I can now unequivocally say I do not believe in “The One,” Sparks or otherwise. I think the most any of us can hope for is the right one at the right time and all too often we find ourselves meeting the right one at the wrong time (or more often the wrong one at the right time or the wrong one at the wrong time).

Even if it makes me a bit of a romantic, I have spent nine months not wanting to accept or believe in the notion Sparks may simply be the right guy at the wrong time. It’s a strange feeling to have been so accurate in our initial meeting, especially because the reality of the connection far outweighed any fantasy, but to know the chances of long-term success is near impossible.

Sometime over the summer I forgot I wasn’t Katherine Heigl in [insert really, really bad rom-com] and latched onto the idea anyone who could make me as happy as Sparks did (and does still, sometimes) was worth just about anything.

Truth is, I’m not willing or able to change my life for someone else right now, no matter how great he may be. I still need to make significant changes for myself – there is no way I can expect someone else to love a version of me I don’t even always like. There doesn’t seem to be a way to halfway commit to someone seven hours or a $400 plane ticket away, so I am accept it is not going to happen. Timing is, after all, about 90 percent of a successful relationship.

And so this Christmas, at a time which is supposed to be full of hope, I am instead of letting go of a piece of it. Outside of the occasional drunk text, I cannot hold onto the hope of Sparks and me as an us. Even though my selfishness is probably at the root of a lot of the “problems” I currently have, I think it’s important to hold onto it a little longer.

With 10 minutes until I board the plane to go see my family for Christmas, I bid that particular piece of hope adieu.

I will forever be grateful to Sparks for helping me realize my heart is capable of feeling something resembling love and I think the sooner I can accept that is probably the extent of his purpose in my life, the better. If you had told me four years ago this is where we would be after our awkward introduction in a crowded hallway, I never would have believed it. But I think it’s probably exactly where we’re supposed to be. For now. 

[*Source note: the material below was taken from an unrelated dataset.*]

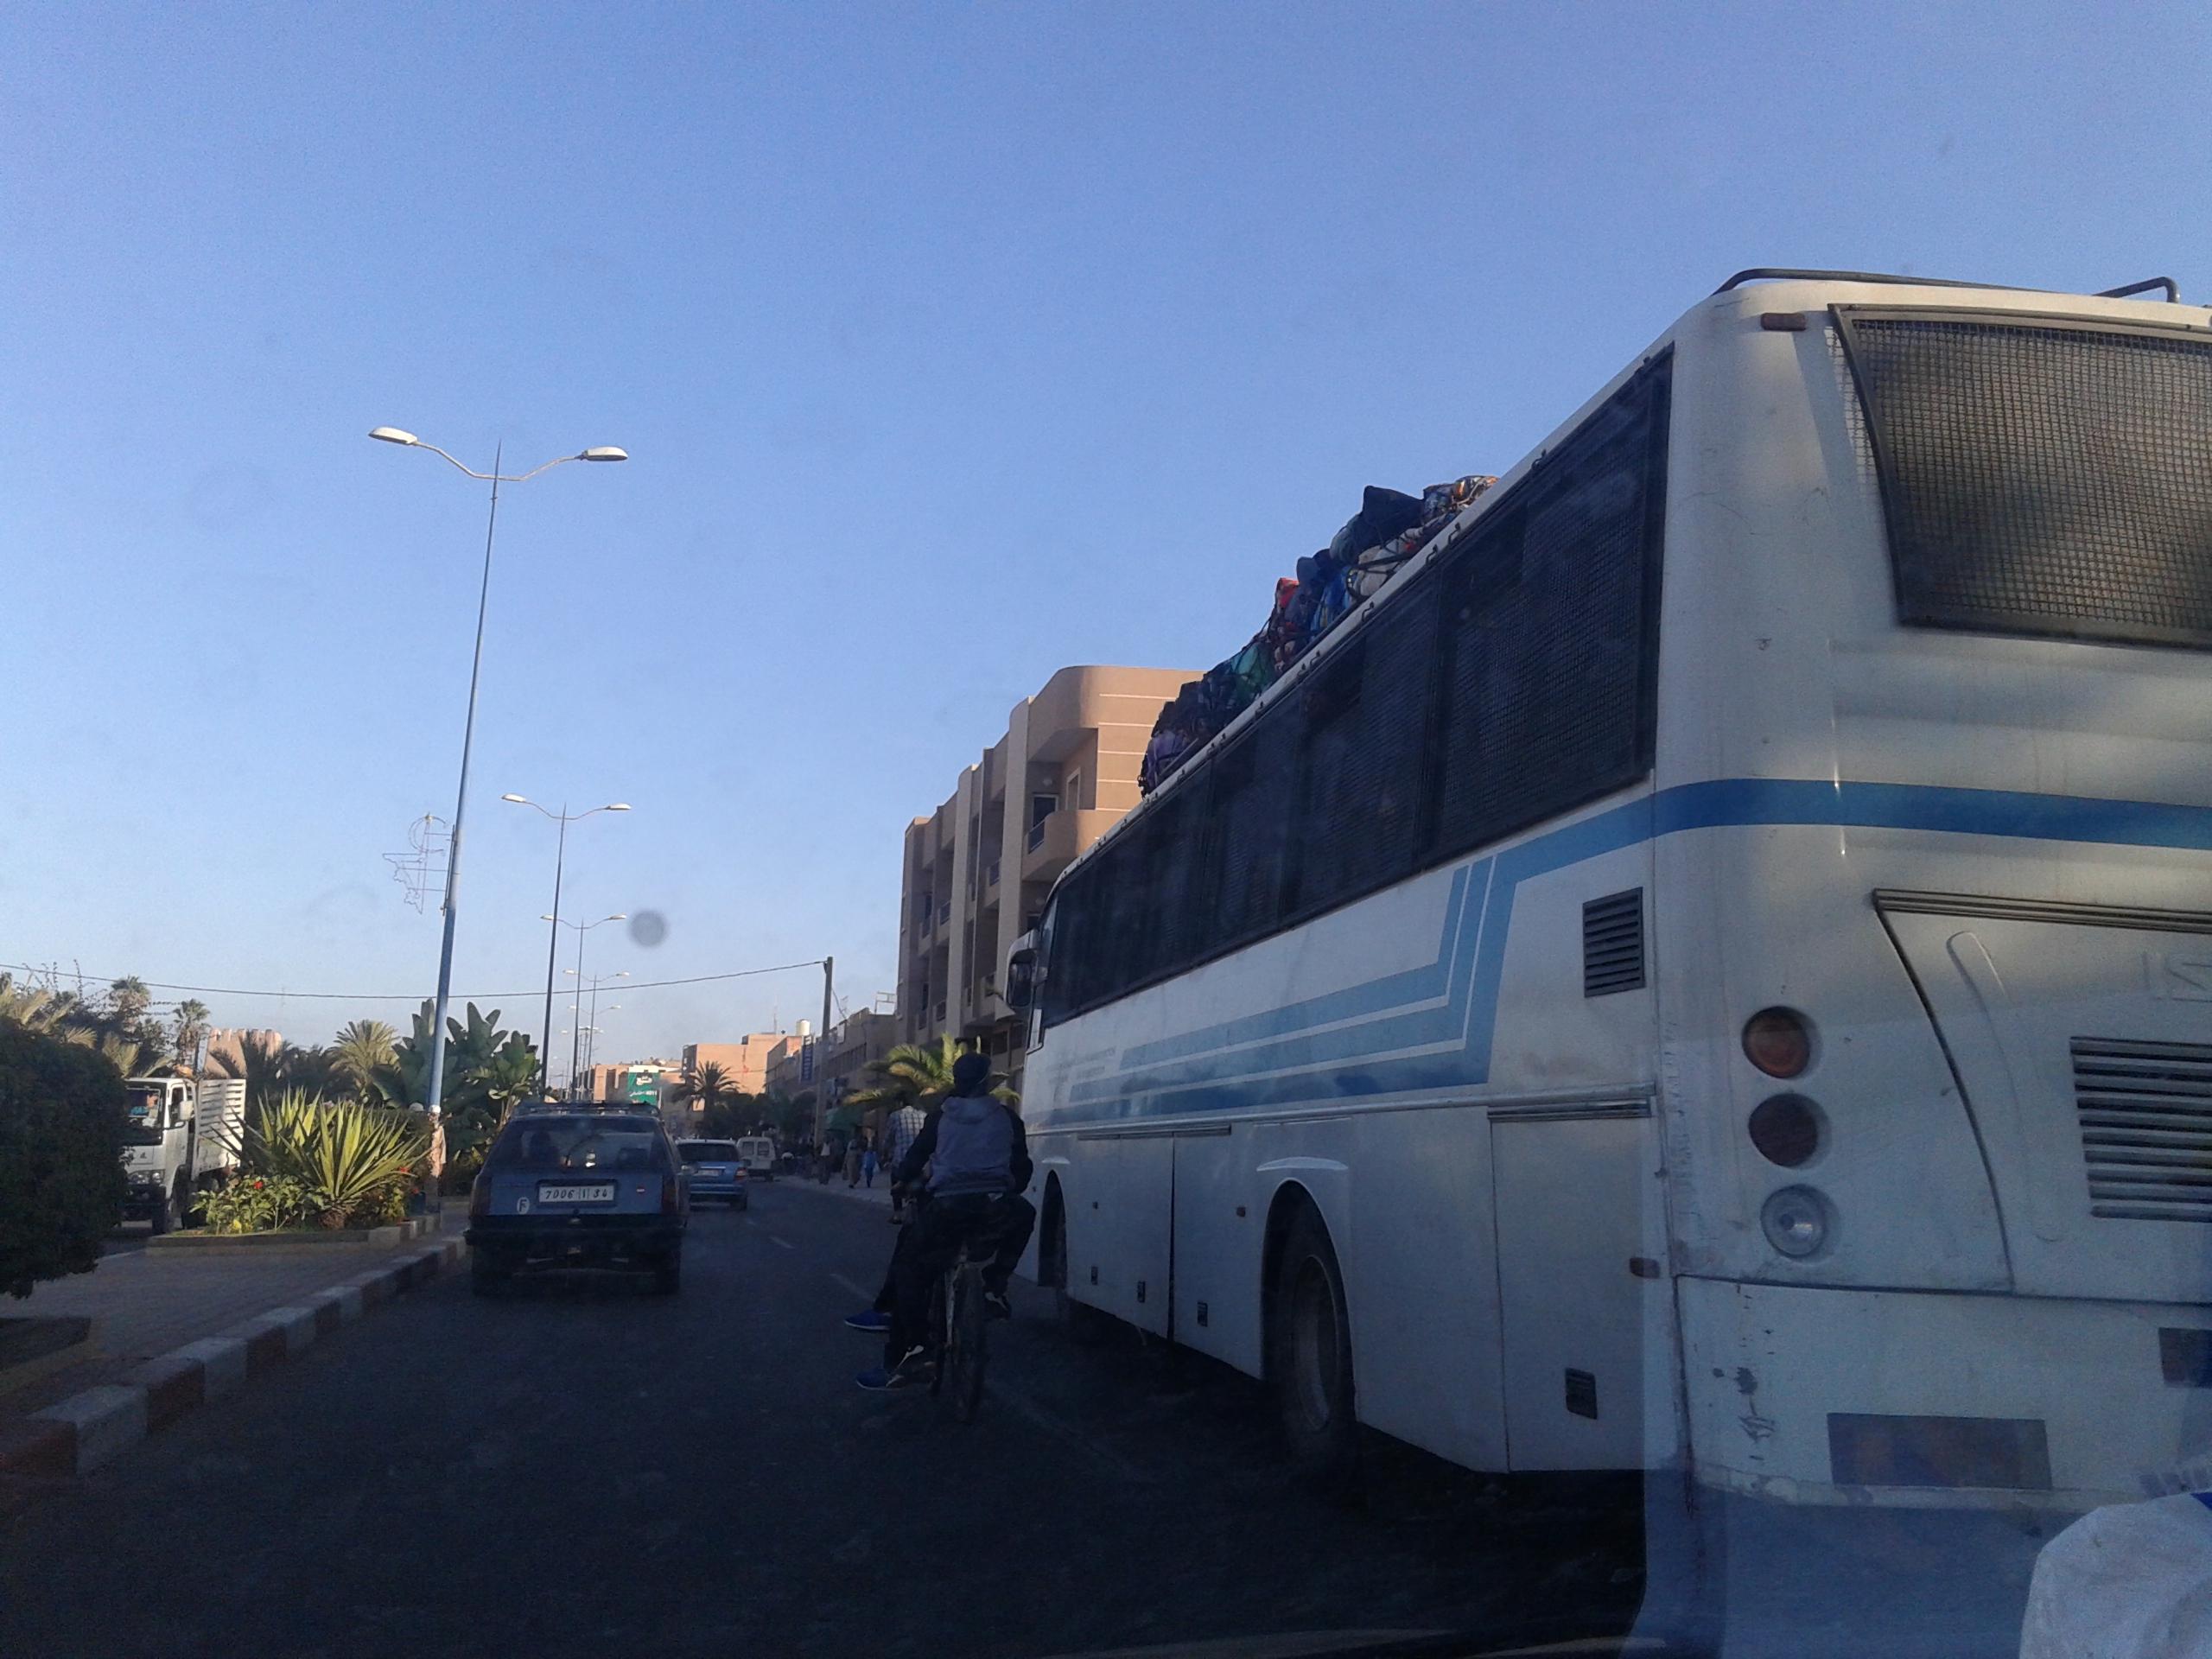 غريب … حافلة تمطر مواطني تيزنيت بوابل من السب والشتم أمام أعين المسؤولين !!!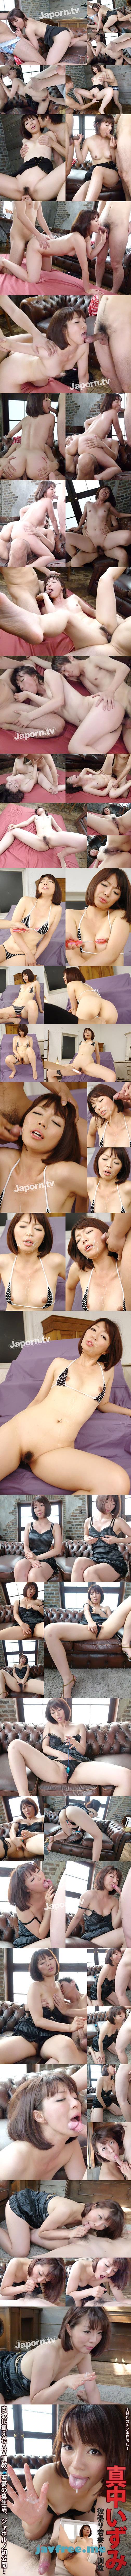 [SMDV 09] S Model DV 09 ~欲張り若妻AV調教~ : 真中いずみ 真中いずみ SMDV Izumi Manaka

Thursday, November 3, 2011

State of the Groove (T-Minus 135 Days)

It’s hard to believe I started this blog a year ago today. I figured the anniversary was as good a time as any to check myself and see how far I have come and how far I have yet to go. For a refresher on how and why this 500-day countdown began, please check out my first entry: Spinning

In short, I had a revelation in spin class one night about how I didn’t remember the last time something had caused my heart to race or make me feel truly alive. After some inner deliberation, I realized I simply felt passionless ... “Grooveless, if you will.”

And so, thus began the quest to find my groove before my 30th birthday (which now is 135 days away, by the way).

Somewhere along the way, I simplified (perhaps too much) the process into three prongs: my professional life, my romantic life and my personal space. I thought if I could find a job that made me as happy as this one did at the beginning, a man I wanted to makeout with for more than a week at a time and a place to call home, I would find the ole groove at the point where all those prongs intersected.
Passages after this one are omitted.